Work to be completed:
When you copy the data, keep every line exactly as written and skip the pictures.

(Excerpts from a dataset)
━━━━━━━━━━━━━━━━━━━━━━━━━━━━━━
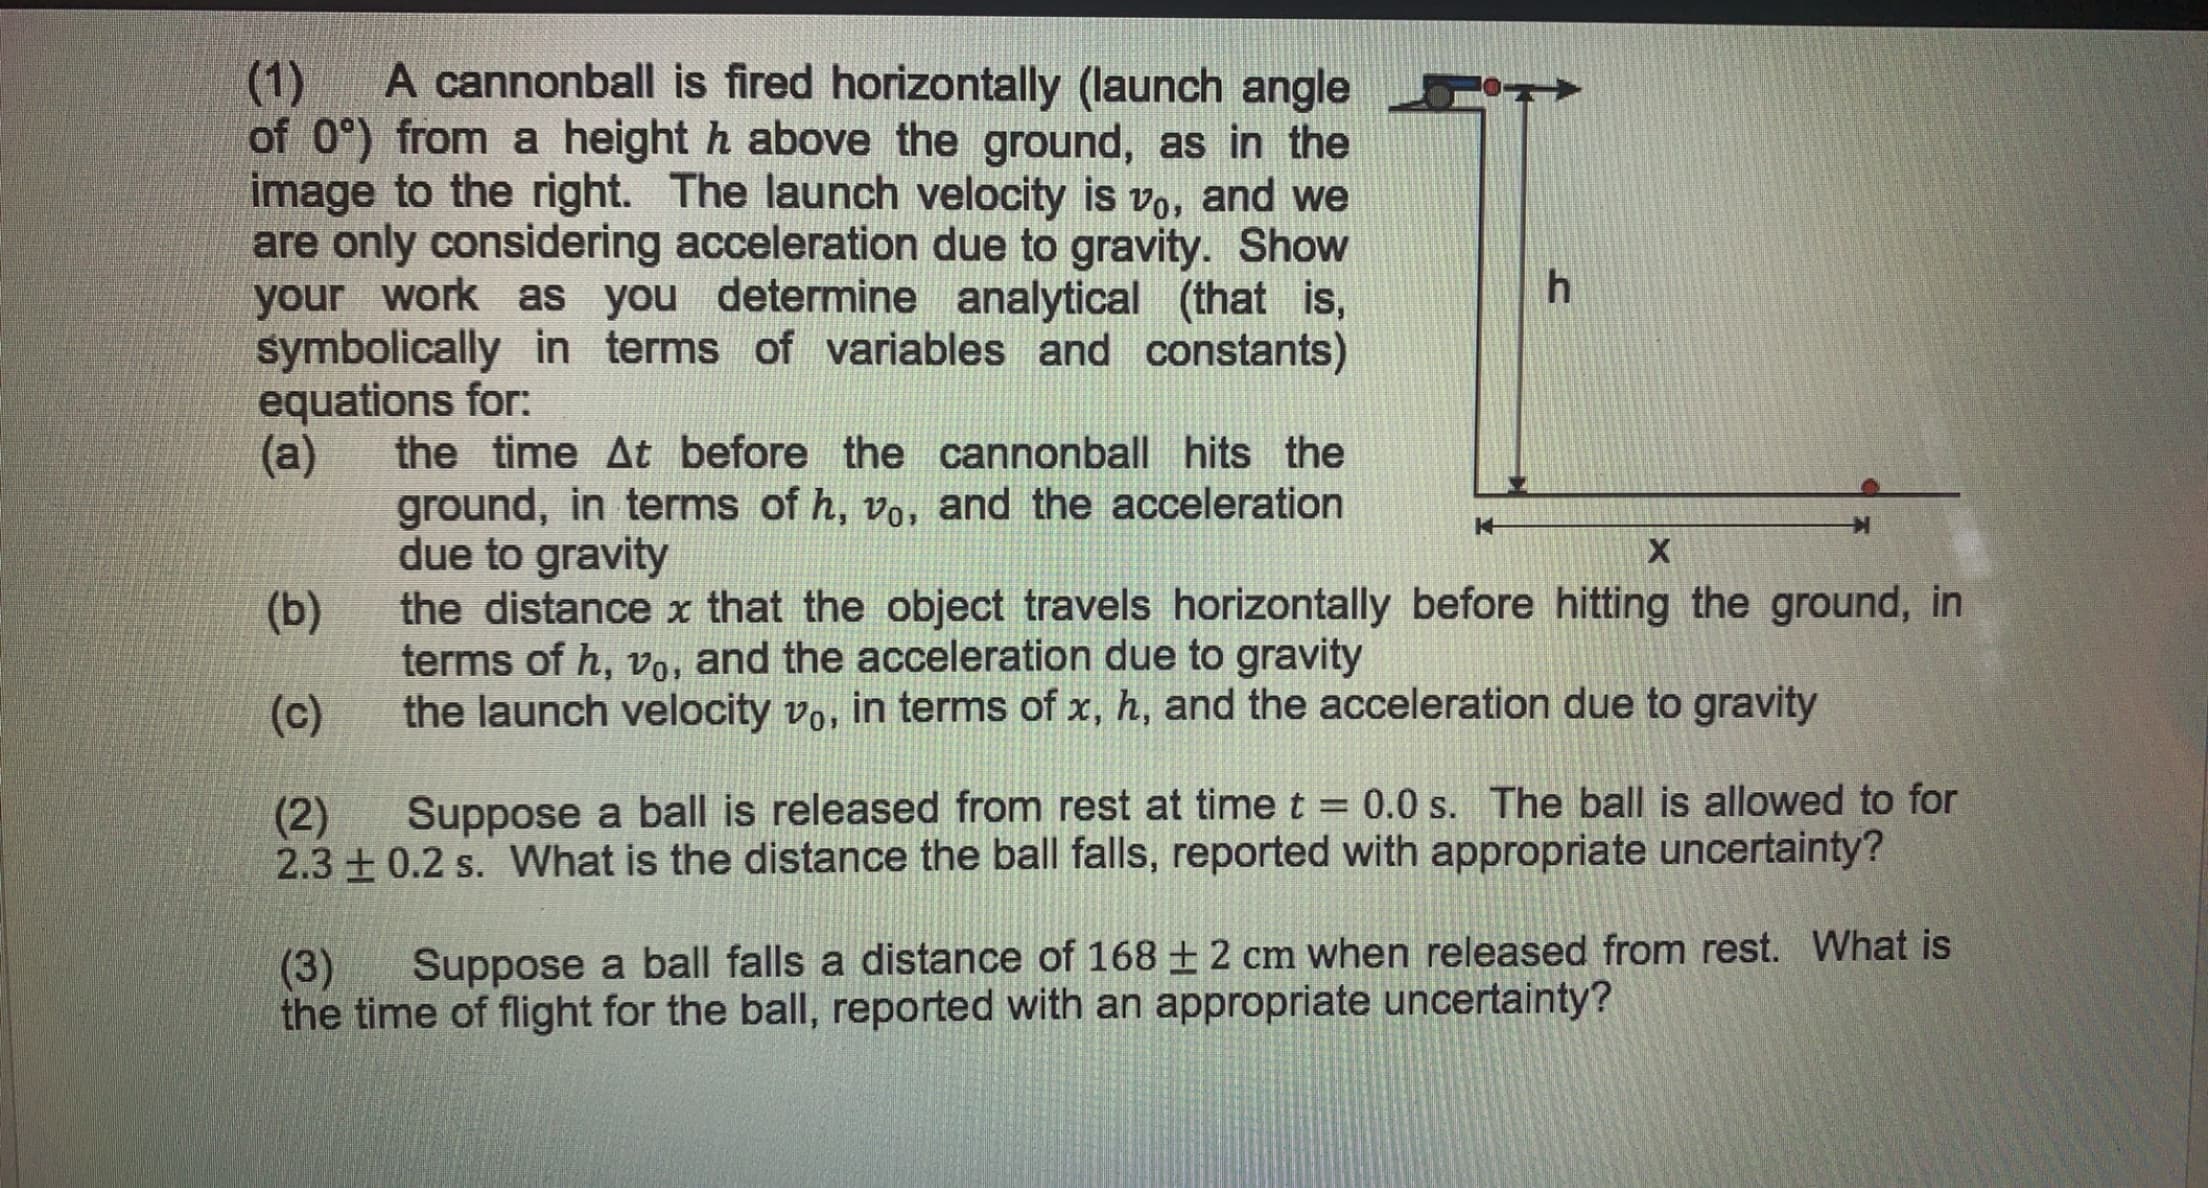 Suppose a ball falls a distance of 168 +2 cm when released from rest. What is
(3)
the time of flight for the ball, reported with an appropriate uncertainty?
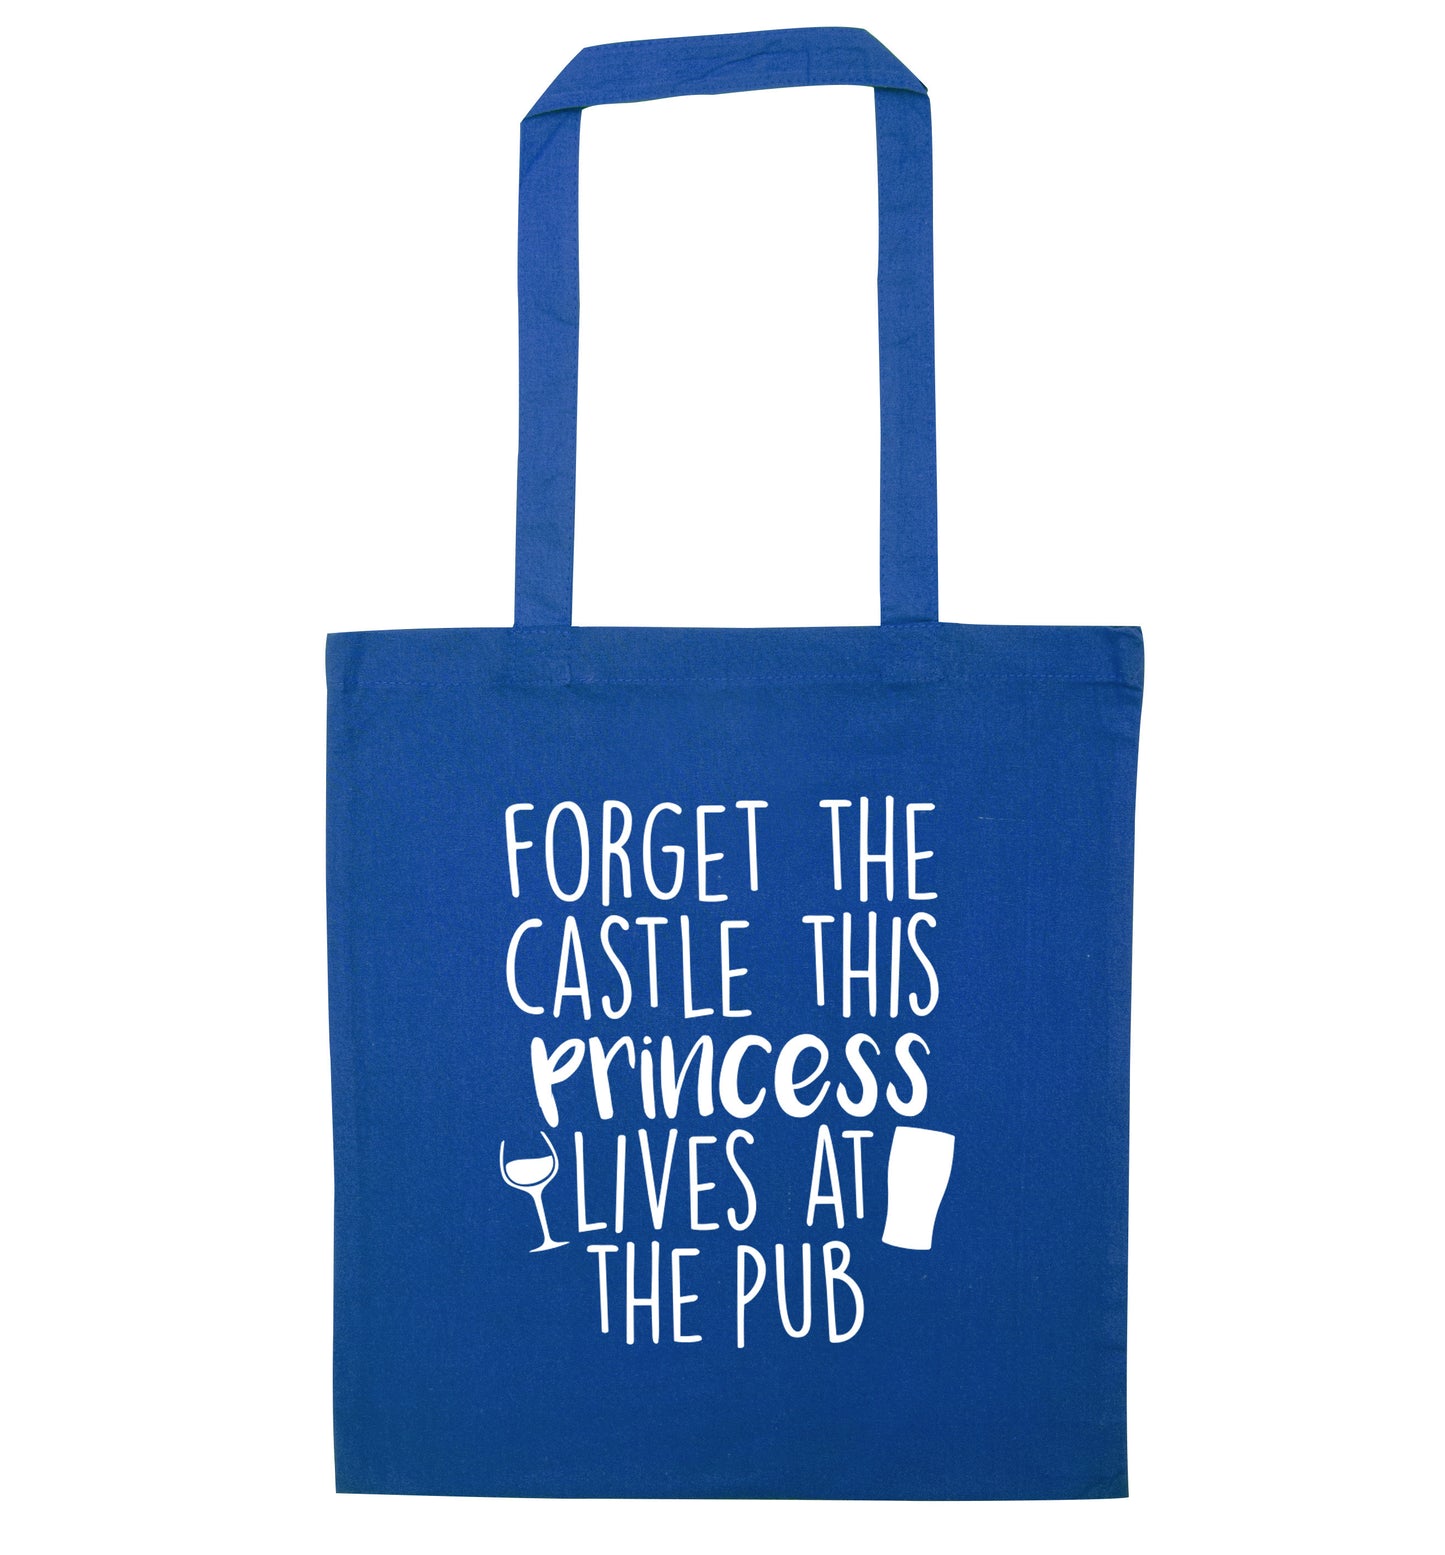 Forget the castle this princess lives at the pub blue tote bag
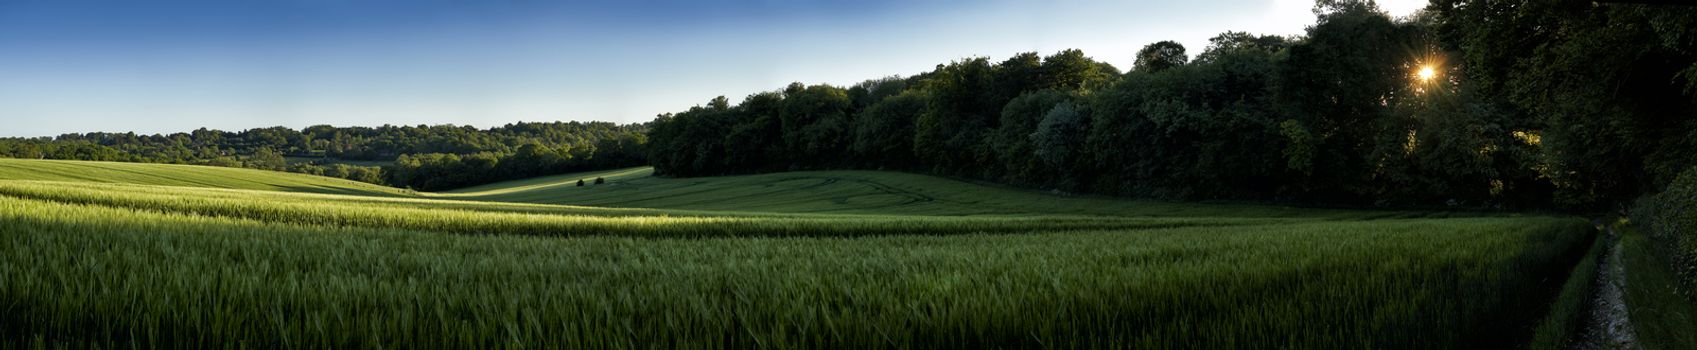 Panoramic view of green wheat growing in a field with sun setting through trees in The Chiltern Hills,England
━━━━━━━━━━━━━━━━━━━━━━━━━━━━━━
Result for this exercise:
 Suppose a ball falls a distance of 168 +2 cm when released from rest. What is
(3)
the time of flight for the ball, reported with an appropriate uncertainty?
 Forget the castle this princess lives at the pub blue tote bag
 Panoramic view of green wheat growing in a field with sun setting through trees in The Chiltern Hills,England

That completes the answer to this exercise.